I wonder what we can do about this in a general sense. As far as I can tell, the jump threading algorithm is really conservative, which is one reason this isn’t working as well as I’d hope; however, we don’t want to produce irreducible control flow that the other passes would work less effectively on. Thoughts?
I wonder what we can do about this in a general sense. As far as I can tell, the jump threading algorithm is *really* conservative, which is one reason this isn't working as well as I'd hope; however, we don't want to produce irreducible control flow that the other passes would work less effectively on. Thoughts?
Just brainstorming, really, but what about running a less conservative
version of JumpThreading later, _after_ loop passes have run?
I'm confused. In your godbold link you run it with O0 which disables
almost all transformations. If we take the IR, remove the optnone
attribute, run mem2reg and jump-threading we get what I think is
reasonable: Compiler Explorer
Please correct me if I misunderstand anything here.

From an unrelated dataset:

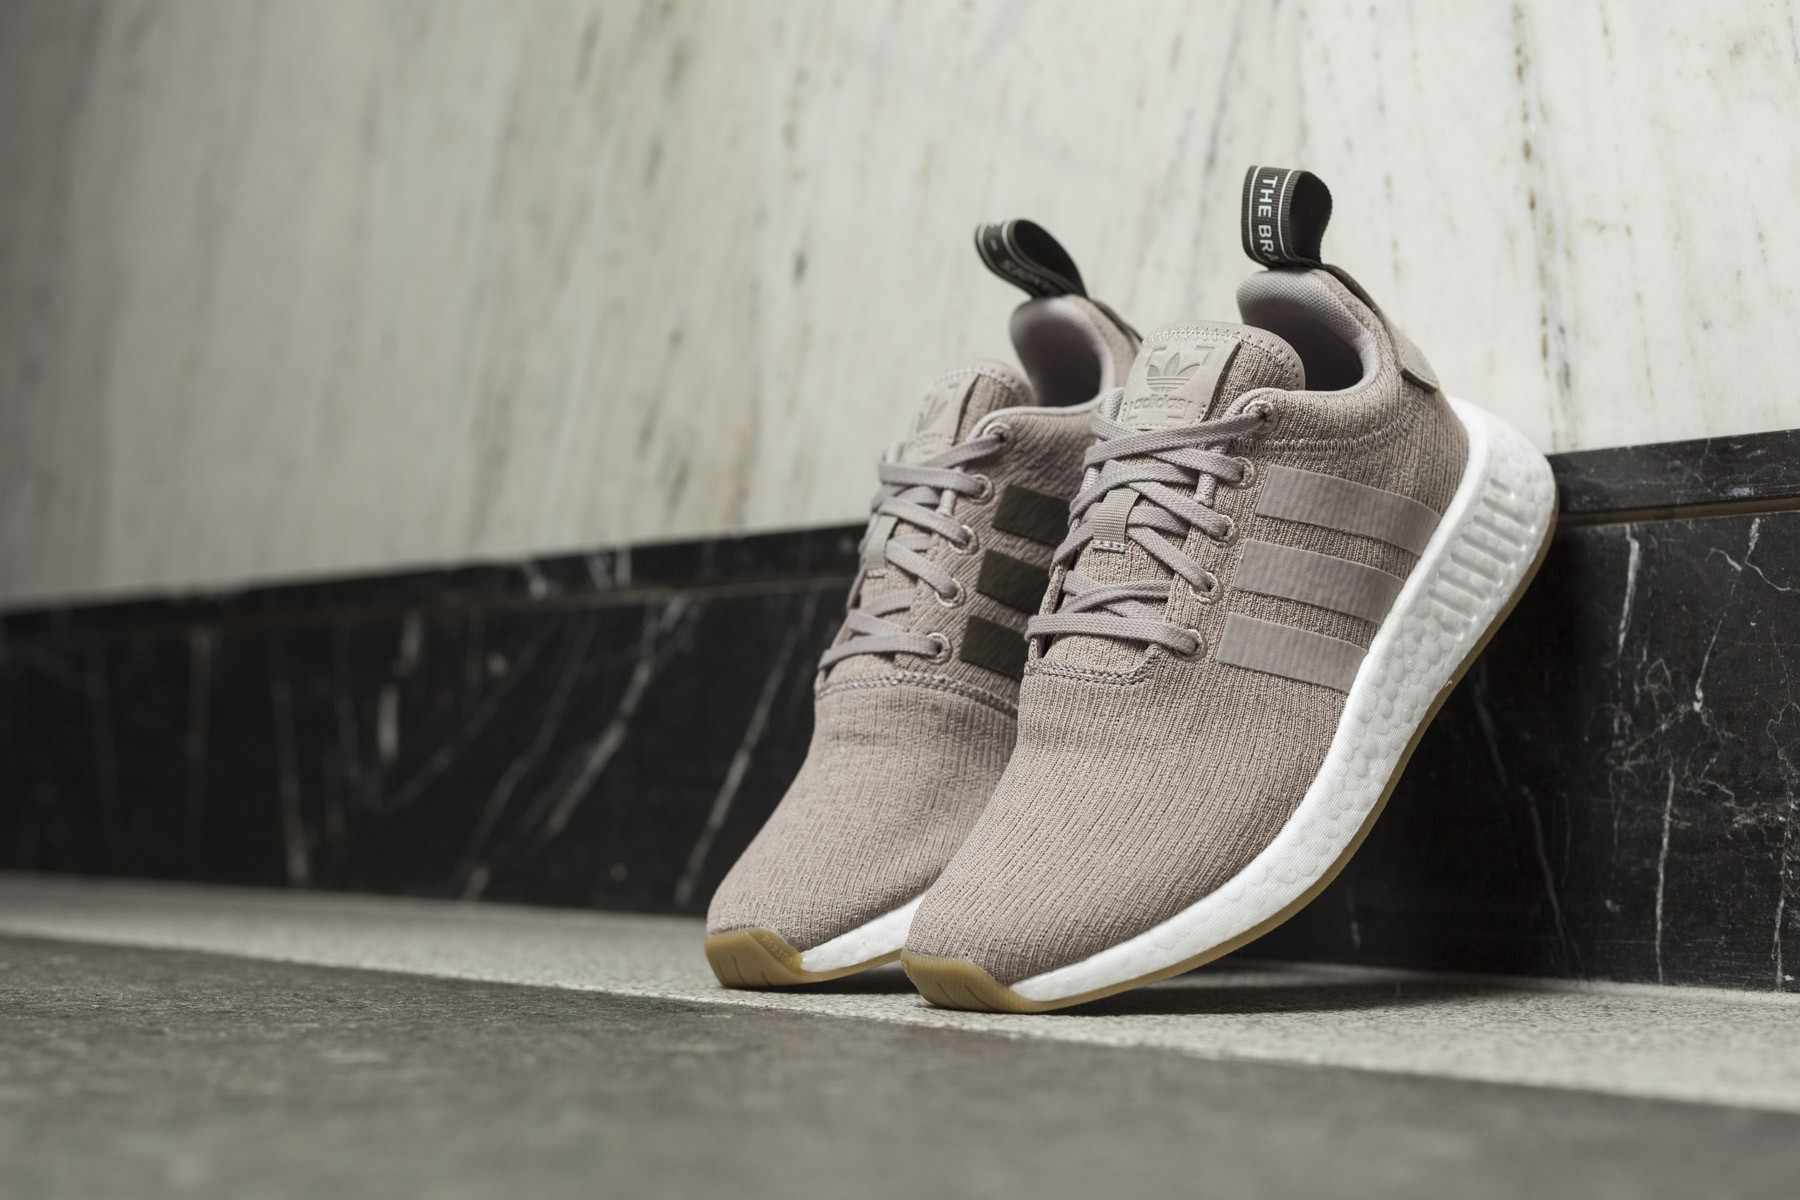 a3e0b2a40 Adidas NMD R2 - Sneaker.no

Here’s a better example. https://godbolt.org/z/fpTyFS
I don’t know what exactly you would need to change in JumpThreading to improve this, but I’m open to ideas.
Well ideally it’d do the same thing as before (with two if statements). Something like:
ret i64 4
It’s not really about needing to be as good as gcc, it’s more that I wonder why the same concept with just two if-else blocks gets optimized yet more doesn’t.
An interesting point to make is that I don’t think it’s jump threading optimizing the original example fully: https://godbolt.org/z/rGvHJk
I am not convinced this is a jump-threading issue, but in the domain
of ScalarEvolution. ScEv would need to find out which of the exits are
taken or whether it loops infinitely. One can see that it exits after
10000 iterations, but ScalarEvolution cannot tell:
Ah, I see. I think there’s something else going on here too, though. https://godbolt.org/z/dCqdvv is optimized away but ScEv doesn’t know whether this loop terminates either.
Wait, you used the same example as I did. I’m confused then; if ScEv is having troubles but it still gets optimized away somewhere, what do you think is doing it?
Hm. I assumed that JumpThreading would be the primary factor in optimizing code like this. Guess not. I’ll need to look into SimplifyCFG to see what prevents it from doing the same thing to the other loop: https://godbolt.org/z/F6NjdG
I think SimplifyCFG could be abusing the undef value for this. If num is defined before the loop, it no longer becomes optimized: https://godbolt.org/z/woHRQf
Your code and the one you have seen in https://bugs.llvm.org/show_bug.cgi?id=44679 are structurally
different. In that latter, setting n to a constant value causes a
branch taken in the next iteration. Your's is a more classic for-loop
from 0 to 2. It is ScalarEvolution's job to find this out. SimplyCFG
job is just to normalize the IR into a form understood by
ScalarEvolution. That is, ScalarEvolution is the primary engine
enabling this.
Ok, thanks for the clarification. So looking into ScalarEvolution is what I’d look into if I wanted to optimize this a bit more? I’m mainly interested in how I’d go about “de-looping” this.
Ideally, with only 2 loop iteration with different code being executed
per execution, it is fully unrolled (-loop-unroll). But for this to
happen, LoopUnroll needs to know the iteration count from
ScalarEvolution. Your code is structured a bit differently than the
typical for-loop, making it a bit more difficult. Canonicalization
(-simplifycfg -loop-rotate -loop-simplify -indvarsimplify) should make
it recognizable.